◆ Saved entries ◆

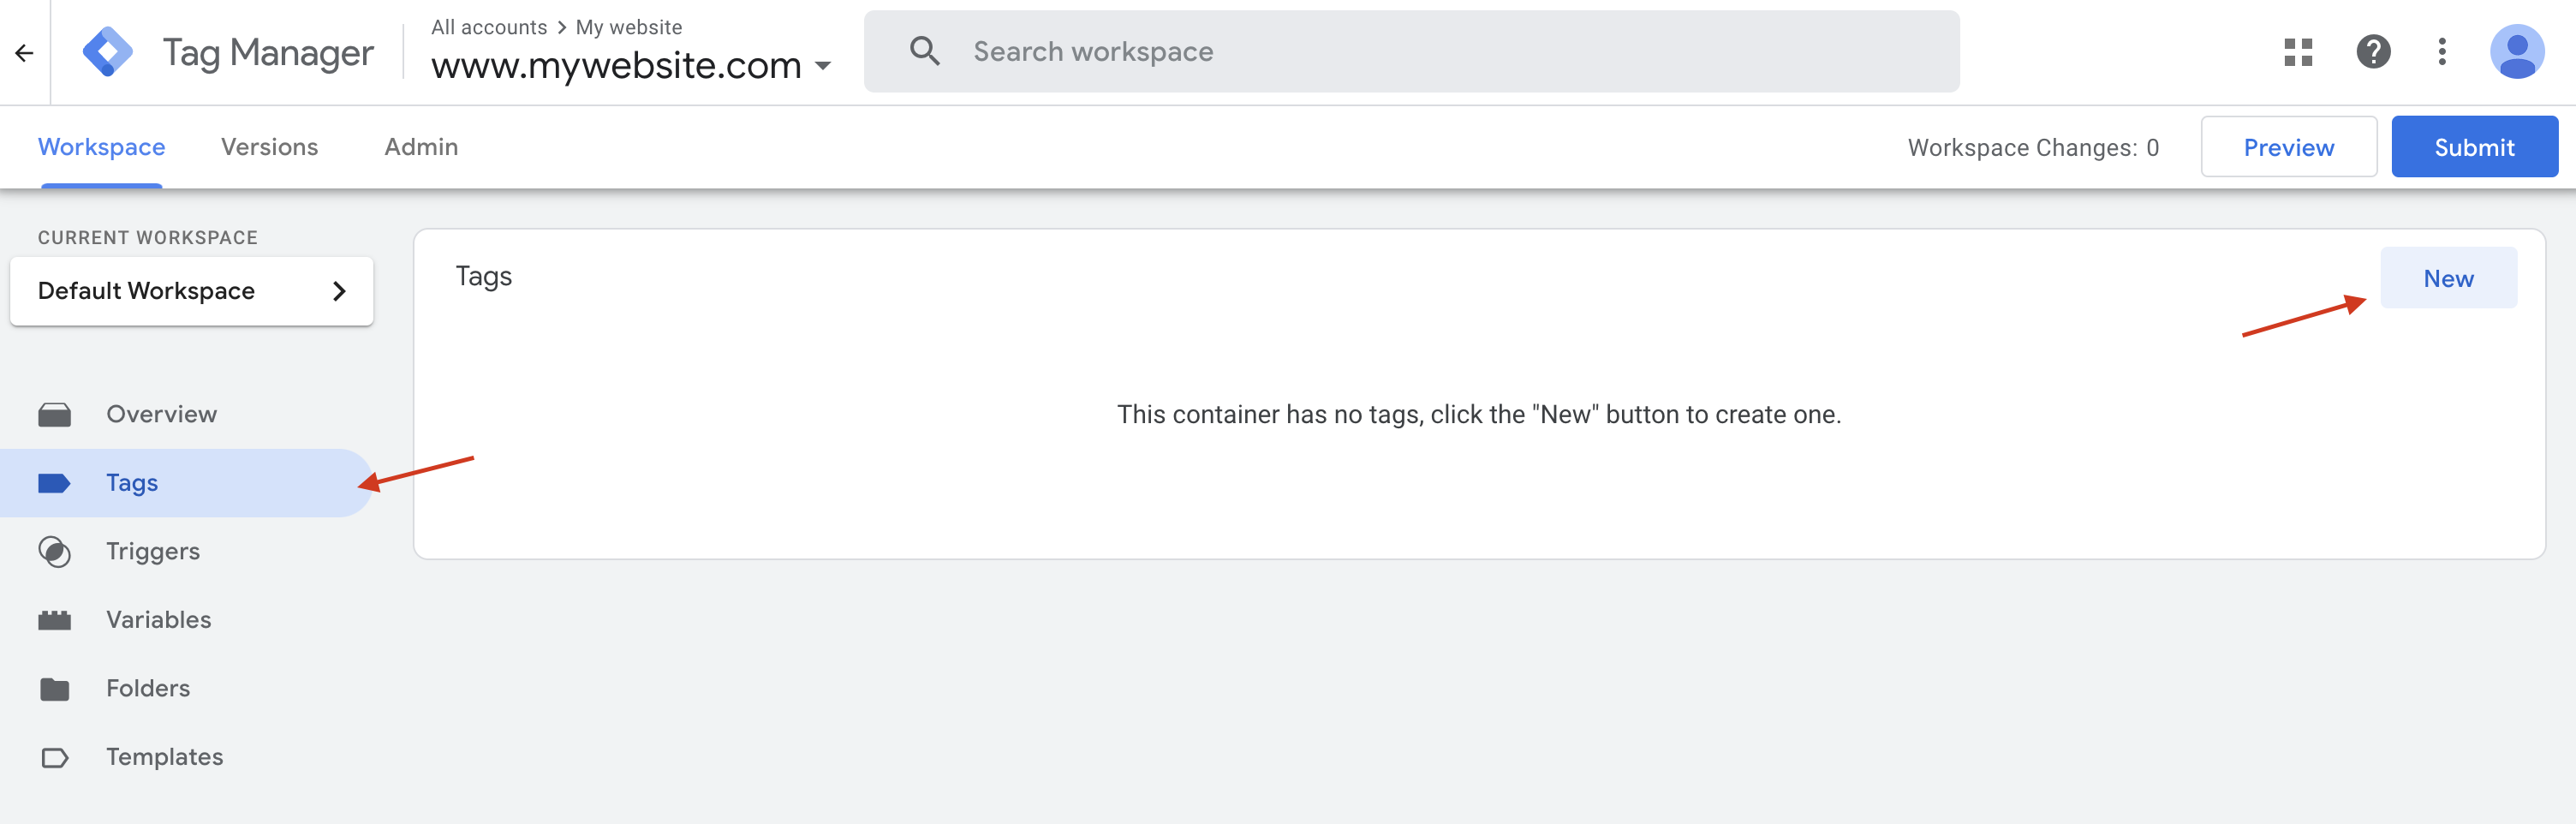 Google Tag Manager new trigger
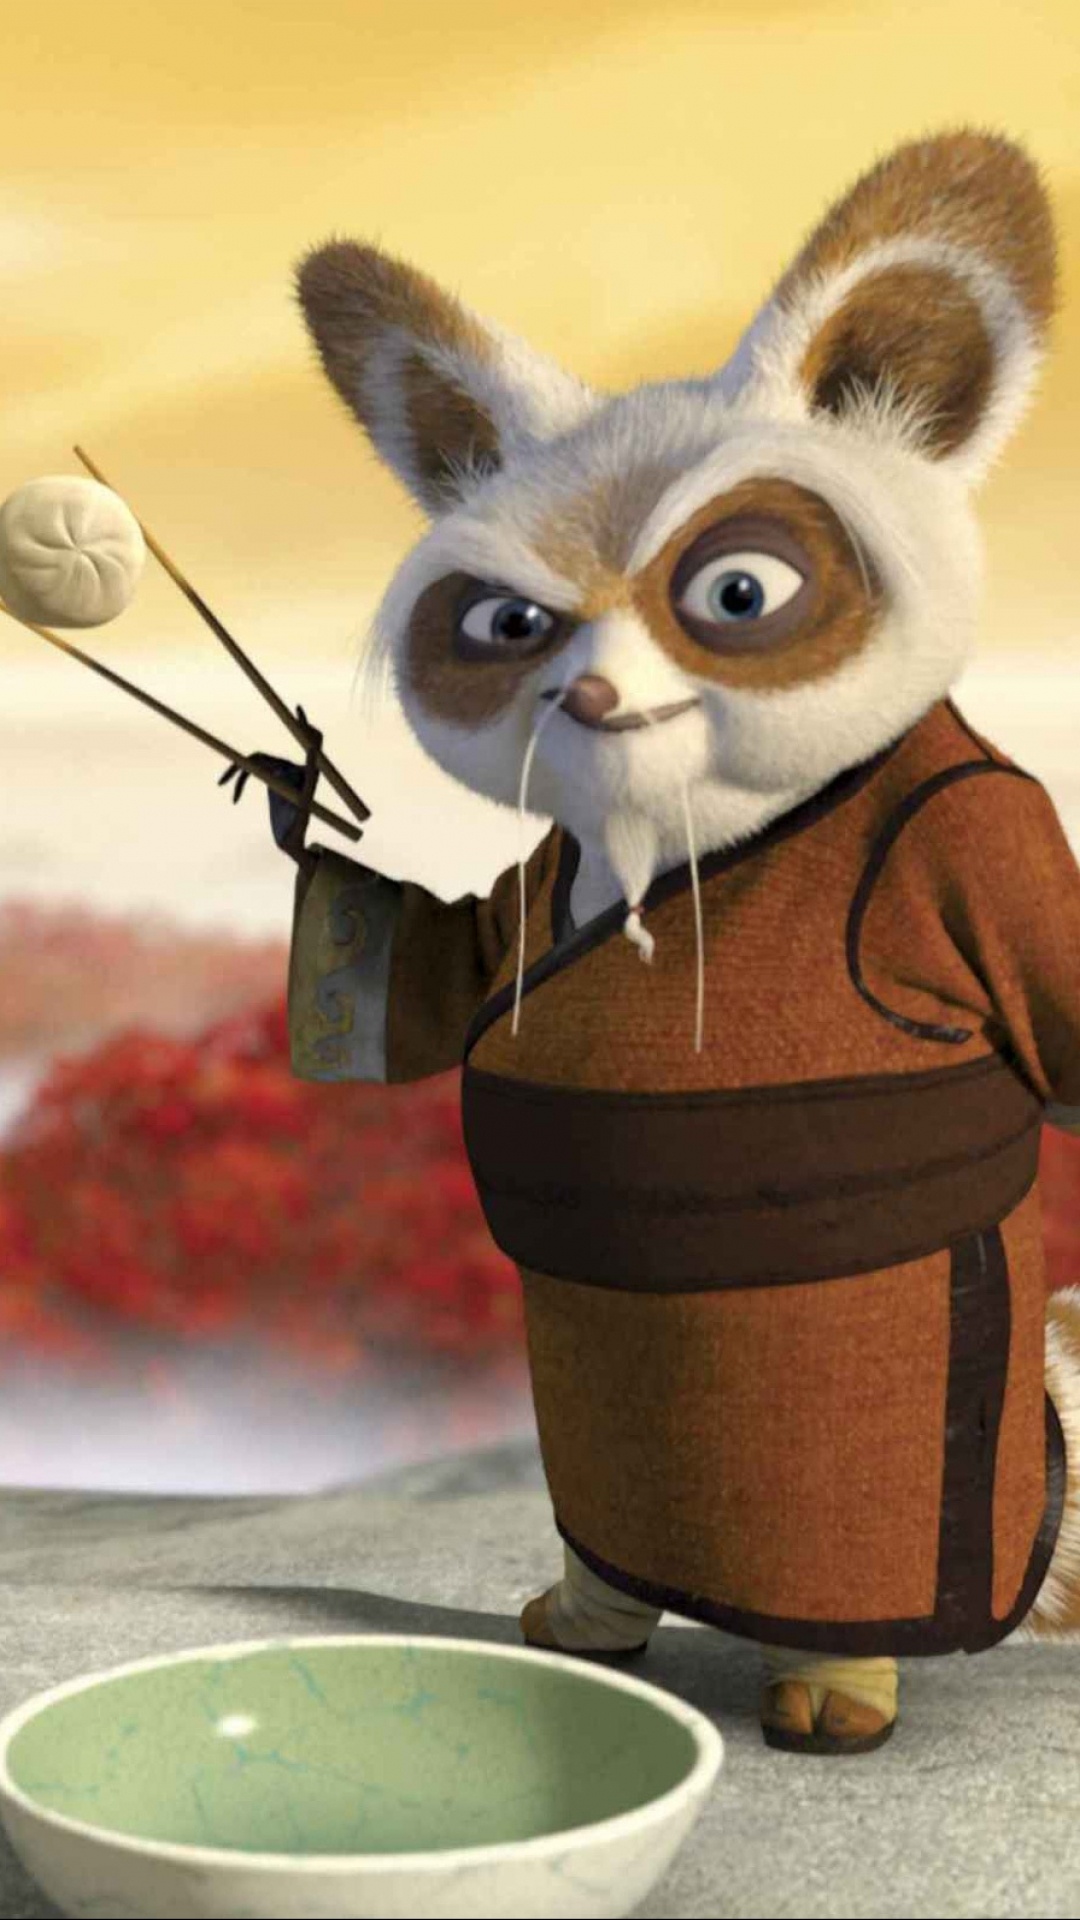 Master Shifu: Retired from active teaching in order to focus on learning how to use chi. 1080x1920 Full HD Wallpaper.
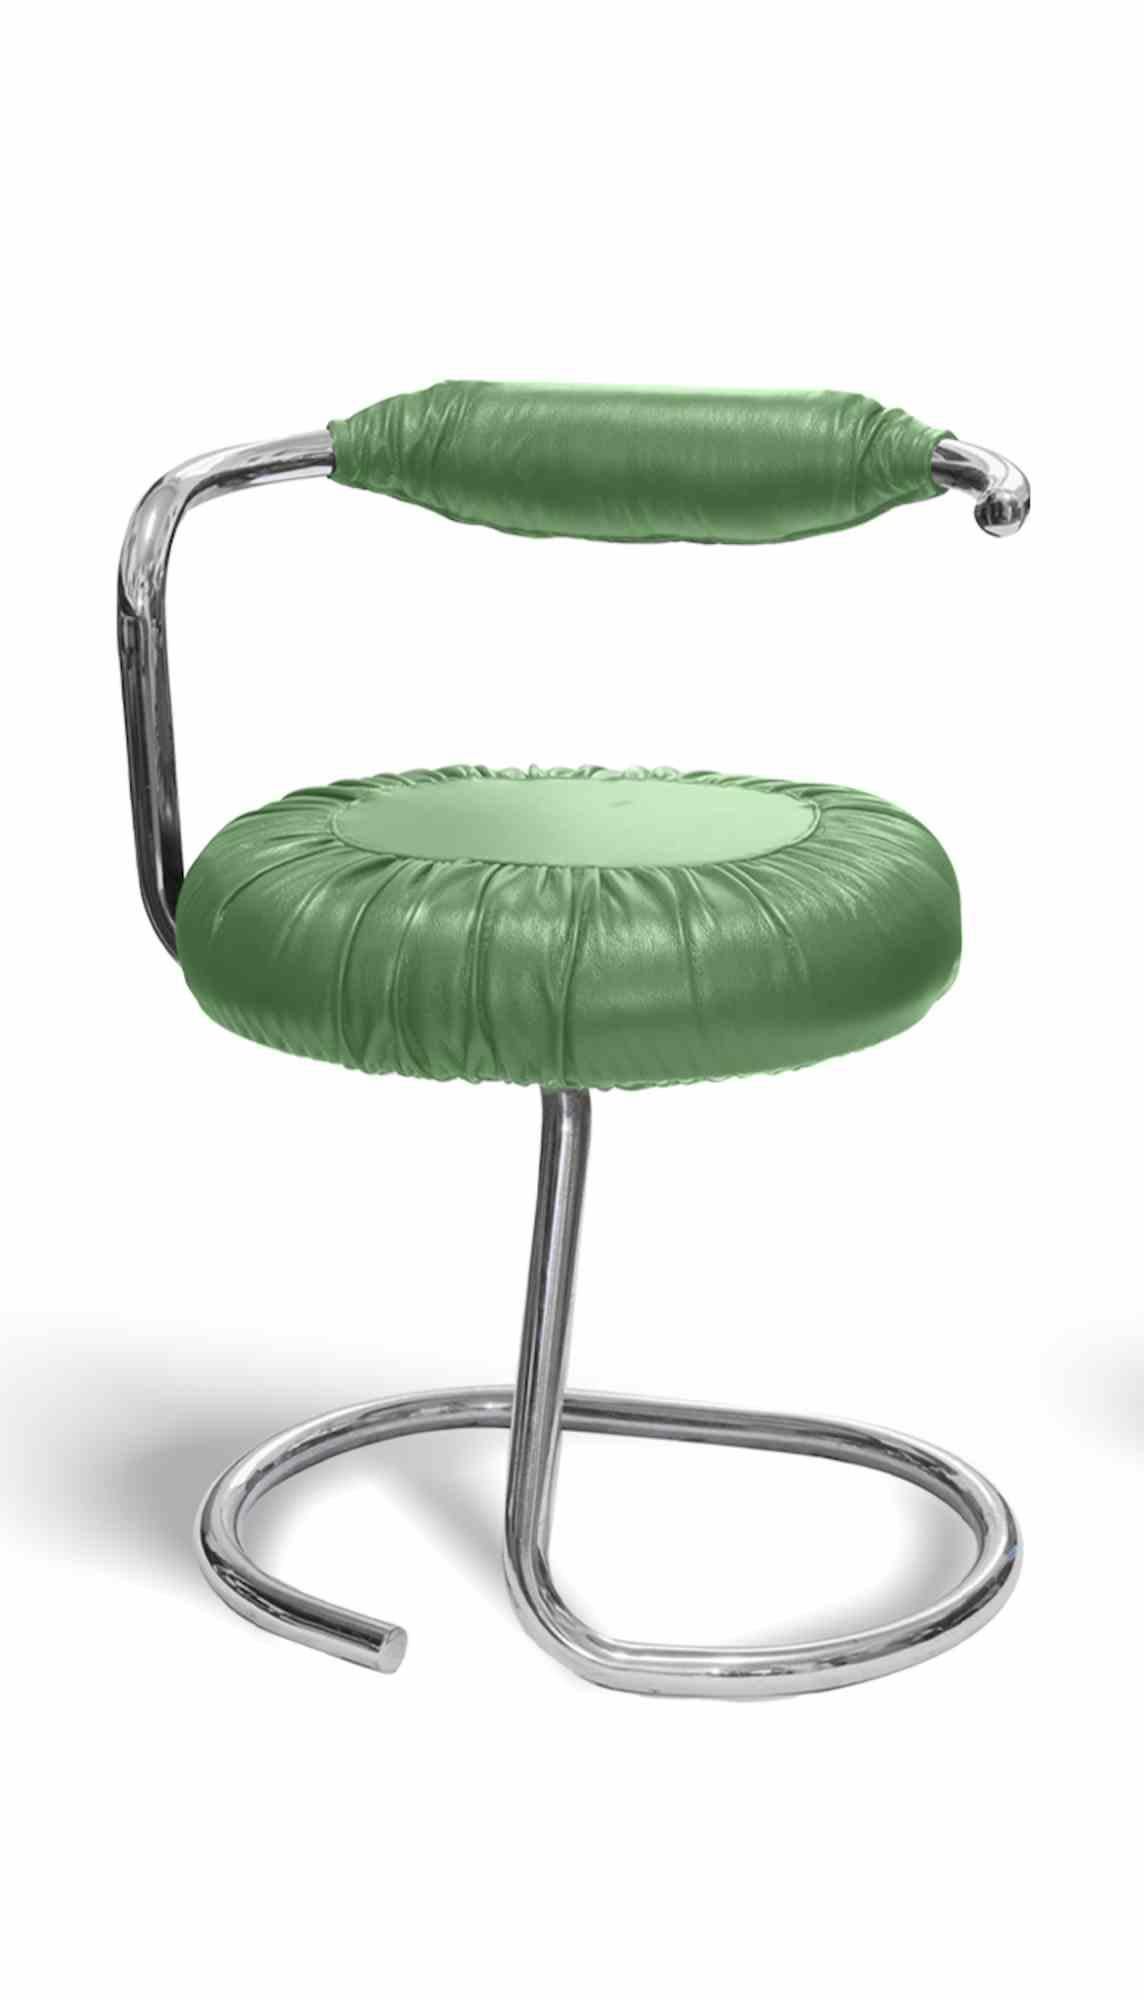 Set of 8 Green Cobra Chairs is a set of chairs realized in the 1970s by Giotto Stoppino ( Milan, 1926 ) .

Chromed tubular steel structure and light blue fabric.

This ' Cobra ' chair was designed by Giotto Stoppino during the 1970s and produced in

◆ What you will do ◆
Go through the data above and transcribe it in full, omitting any image.

◆ Solution for this exercise ◆
 Google Tag Manager new trigger
 Master Shifu: Retired from active teaching in order to focus on learning how to use chi. 1080x1920 Full HD Wallpaper.
 Set of 8 Green Cobra Chairs is a set of chairs realized in the 1970s by Giotto Stoppino ( Milan, 1926 ) .

Chromed tubular steel structure and light blue fabric.

This ' Cobra ' chair was designed by Giotto Stoppino during the 1970s and produced in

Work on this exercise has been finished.